Usability week ending January 9th

Friday, 7th January, 8:15 AM
The new Mac App Store shows human centered DRM -- your identity as key to generous rights: http://j.mp/geoDEN #drm

Thursday, 6th January, 6:30 PM
Everyone is a designer. Design is a fundamental part of everything. Keep this in mind throughout your project: http://j.mp/i1ivbf #ddd

Thursday, 6th January, 9:12 AM
Software Updates, System Update 10.6.6, Restart, New App Store icon in Dock, Twitter, Free ... Twitter icon in dock, Tweet!

Wednesday, 5th January, 11:18 AM
@kiwi_app i'll buy when you can. cheers.

Wednesday, 5th January, 10:41 AM
@kiwi_app where or how do you set your bit.ly api key to use with j.mp/bit.ly?

Wednesday, 5th January, 7:05 AM
Progressive signup -- as the user uses our product, we gently prod them to give us more info: http://j.mp/dENcnI #ux #ia

Tuesday, 4th January, 4:17 PM
The anatomy of a perfect landing page: http://j.mp/fIheah #ia #webdesign #ux

Monday, 3rd January, 5:21 PM
Essential and desirable skills you should look for in your UX designer: http://j.mp/dV4YKc #ia #ux

via twitter.com/terretta

This is how to do consumer-friendly DRM

These books are DRM protected, but people are buying them.  As a consumer with money to spend, you have several devices, but instead of fragmenting your ebook collection, you're free to use the device you prefer.  So far so good.
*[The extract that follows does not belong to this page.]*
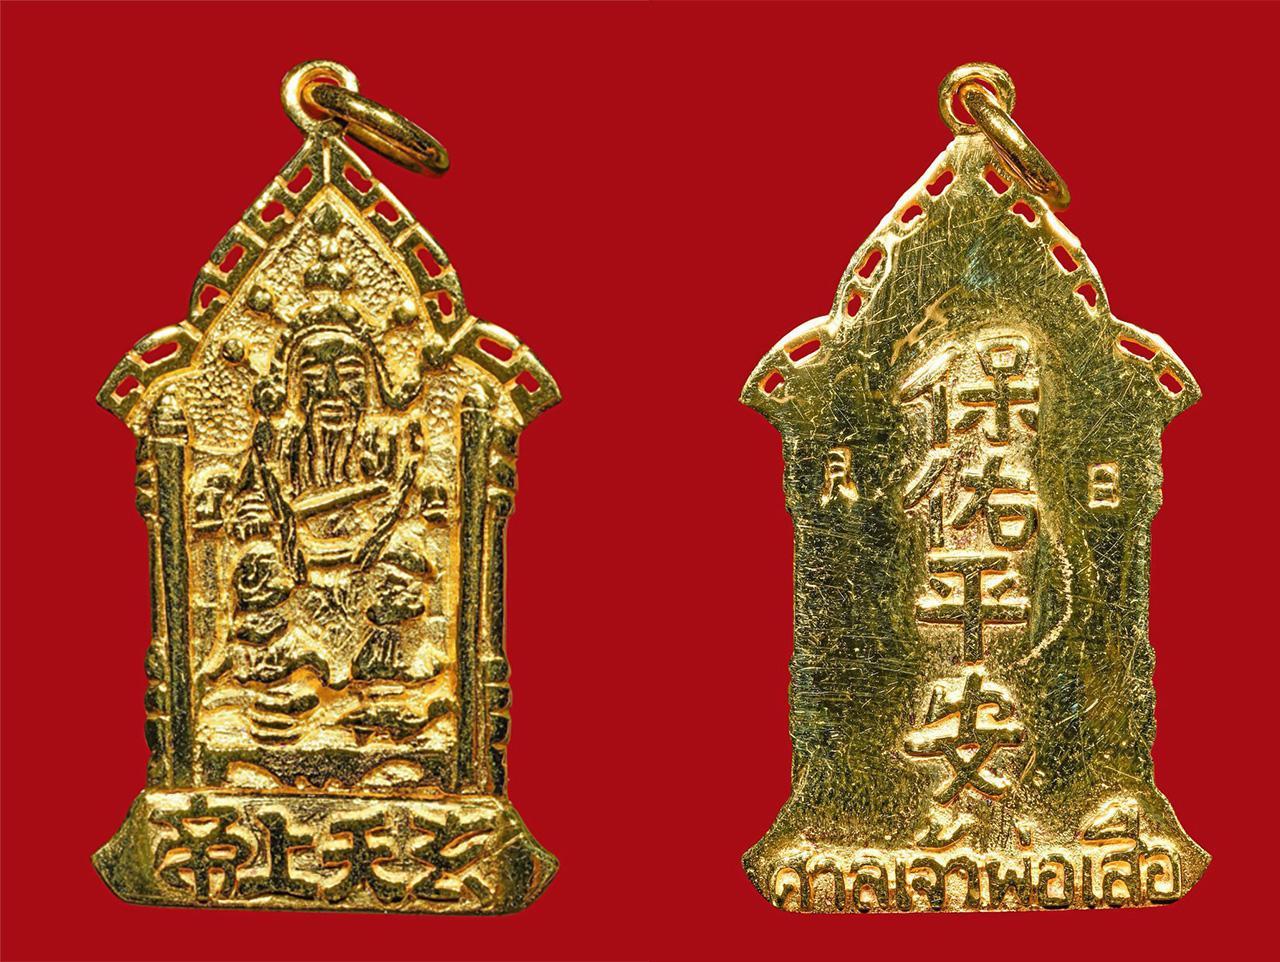 เหรียญเจ้าพ่อเสือ ทองคำ ศาลเจ้าพ่อเสือ กรุงเทพฯ ของเต่า พระเครื่อง.

Aside from the devices, people want to be able to loan or share ebooks they way they can hardbacks.  Amazon is addressing that use case too:

Later this year, we will be introducing lending for Kindle, a new feature that lets you loan your Kindle books to other Kindle device or Kindle app users. Each book can be lent once for a loan period of 14-days and the lender cannot read the book during the loan period. 

Kindle is approaching frictionlessness.  If your product's DRM doesn't take away hundreds of years of comfortable use cases, but in fact adds something to the value proposition ("fit all my books in my pocket"), consumers are more than happy to adopt it.

Hollywood, paying attention?

Why the Apple iPad has no Java or Flash

Apple iPad is the first complete, general purpose, computer DRM platform and all people complain about is plugins. Music DRM went away because it was stupid. Idiot users pirate everything not bolted down and you end up with Bluray, Xbox, Playstation, Kindle, iPhone and now the Apple iPad. There has never been more DRM and people think they are winning. No, because Internet piracy and hardware piracy has given birth to yet another locked down platform. Because companies need to make money and do what is required.

The iPad exists because you wanted it. Blame yourself if you don't like it. Personally, I might buy one for my mom. Because it's probably a great piece of web surfing, picture browsing, hardware. And OMG do I need one of those.

At first that read like a rant, but Jan ended up wanting one for his mom.

We've been saying this for a decade: if you make music and video easy enough, users will pay for it. Pirating is hard, but pirating is because users want to consume media on their terms: when they want, and on the device they want.

Users' sense of ownership was formed by physical things. Buy a book, share a book, get the book back. Copy a CD you play on the stereo to a cassette you pop in the car. Excessive restriction fosters circumvention so people can use the media they consider theirs. Follow iTunes' lead to work with users. Let them share in the home, and have 5 copies on 5 devices. Maybe even give them a way to loan or share with a few friends. The iPad itself is sharable, like a comic book or an LP.

Make life easy enough, and users don't actually care about the DRM. They just want to watch and listen their way.